Pristimantis croceoinguinis
- Conservation status: Least Concern (IUCN 3.1)

Scientific classification
- Kingdom: Animalia
- Phylum: Chordata
- Class: Amphibia
- Order: Anura
- Family: Strabomantidae
- Genus: Pristimantis
- Subgenus: Pristimantis
- Species: P. croceoinguinis
- Binomial name: Pristimantis croceoinguinis (Lynch, 1968)
- Synonyms: Eleutherodactylus croceoinguinis Lynch, 1968;

= Pristimantis croceoinguinis =

- Genus: Pristimantis
- Species: croceoinguinis
- Authority: (Lynch, 1968)
- Conservation status: LC
- Synonyms: Eleutherodactylus croceoinguinis Lynch, 1968

Species of frog

Pristimantis croceoinguinis is a species of frog in the family Strabomantidae. It is found in the lowland Amazon rainforest of southern Colombia, eastern Ecuador, and extreme north-eastern Peru, likely also extending into the adjacent Brazil. The specific name croceoinguinis refers to the color of the inguinal spots of this frog. Common name Santa Cecilia robber frog has been proposed for it.

==Description==
Adult males measure 13–18 mm and adult females 18–22 mm in snout–vent length. The snout is subacuminate in dorsal view and round in lateral profile. The tympanum is hidden beneath the skin. The fingertips bear discs but no lateral fringes. The toe discs are slightly smaller than those of the fingers; no lateral fringes or webbing is present. Skin is dorsally pustulate. The dorsum is yellow-brown to brown, with dark brown spotting and white or yellow flecks. The sides are brown to black, blotched with darker brown and flecked with white or yellow. There are two yellow to reddish-orange spots on each side of the groin. The venter is gray to black but usually brown and has cream flecks. They have dark brown bars on a paler brown background. An anal triangle is similarly brown.
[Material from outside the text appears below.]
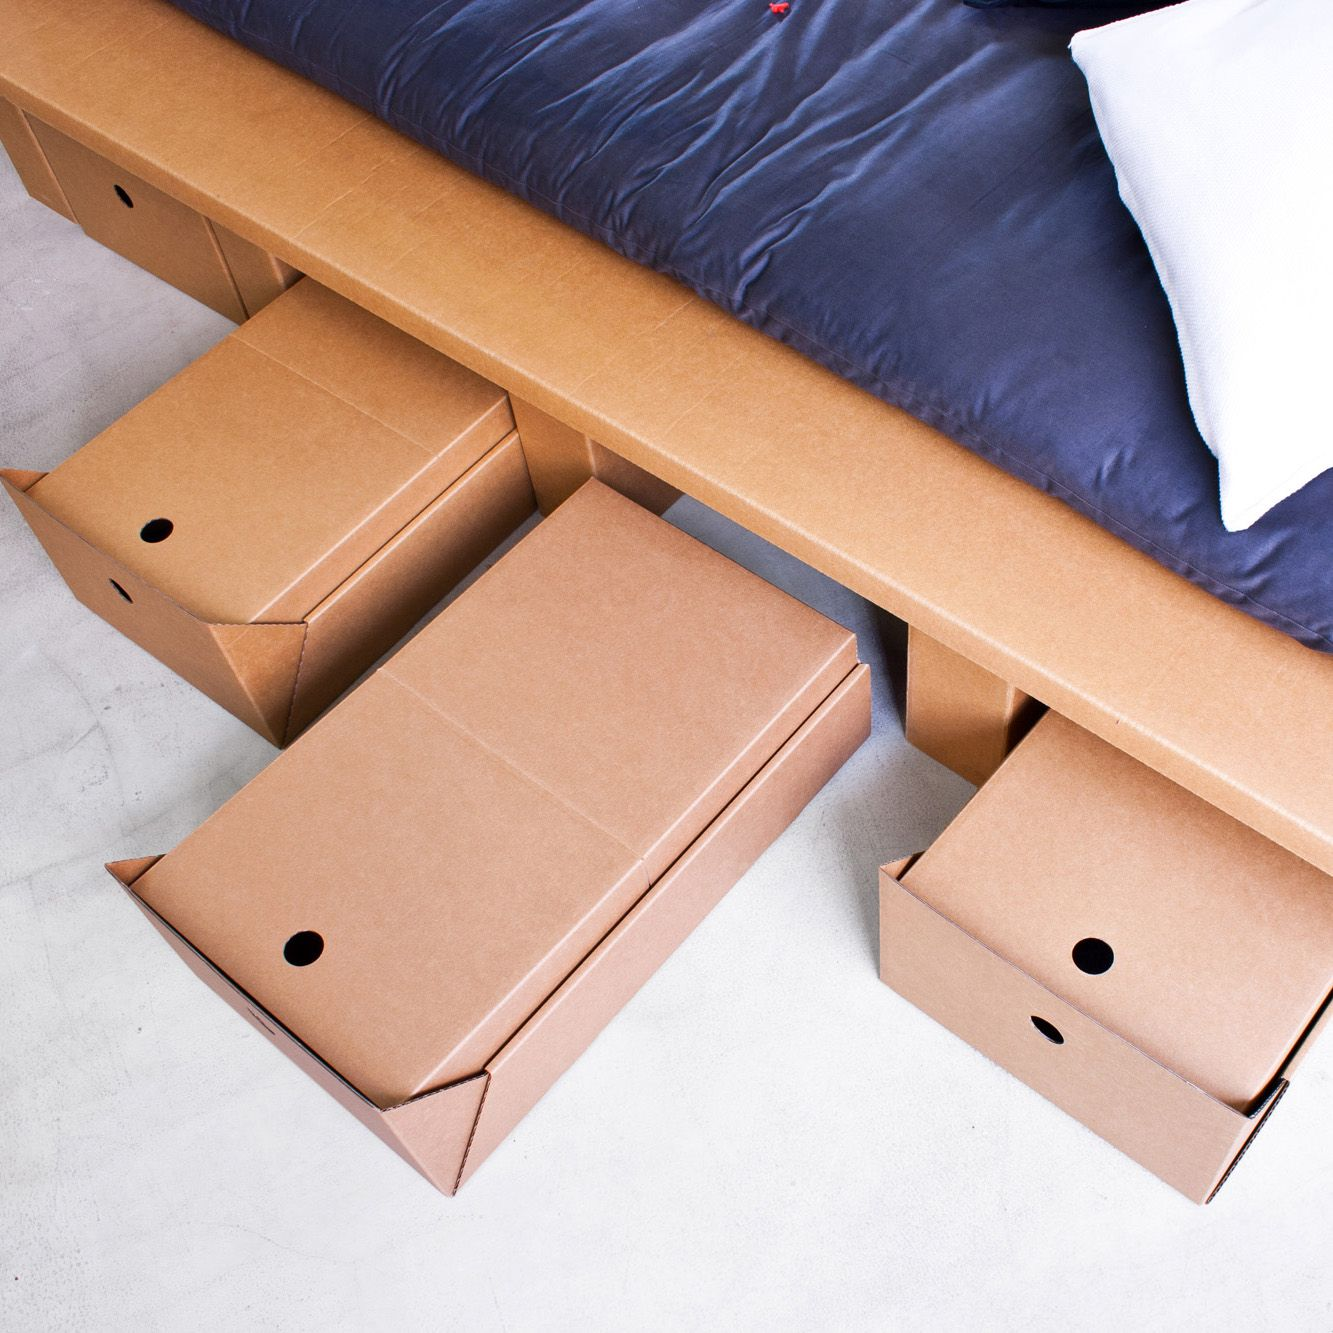 cardboard bed with drawers stange design berlin wohnen karton m bel m bel aus pappe und. Black Bedroom Furniture Sets. Home Design Ideas

==Habitat and conservation==
Pristimantis croceoinguinis occurs in lowland primary rainforest at elevations of 0–1289 m above sea level. It can also be found in lightly disturbed habitats. It is nocturnal and can be found on low vegetation, some 0.5–1.5 m above the ground. Development is presumably direct (i.e., there is no free-living larval stage).

This species is not facing major threats. Large areas of suitable habitat remain, and it is also present in a number of protected areas.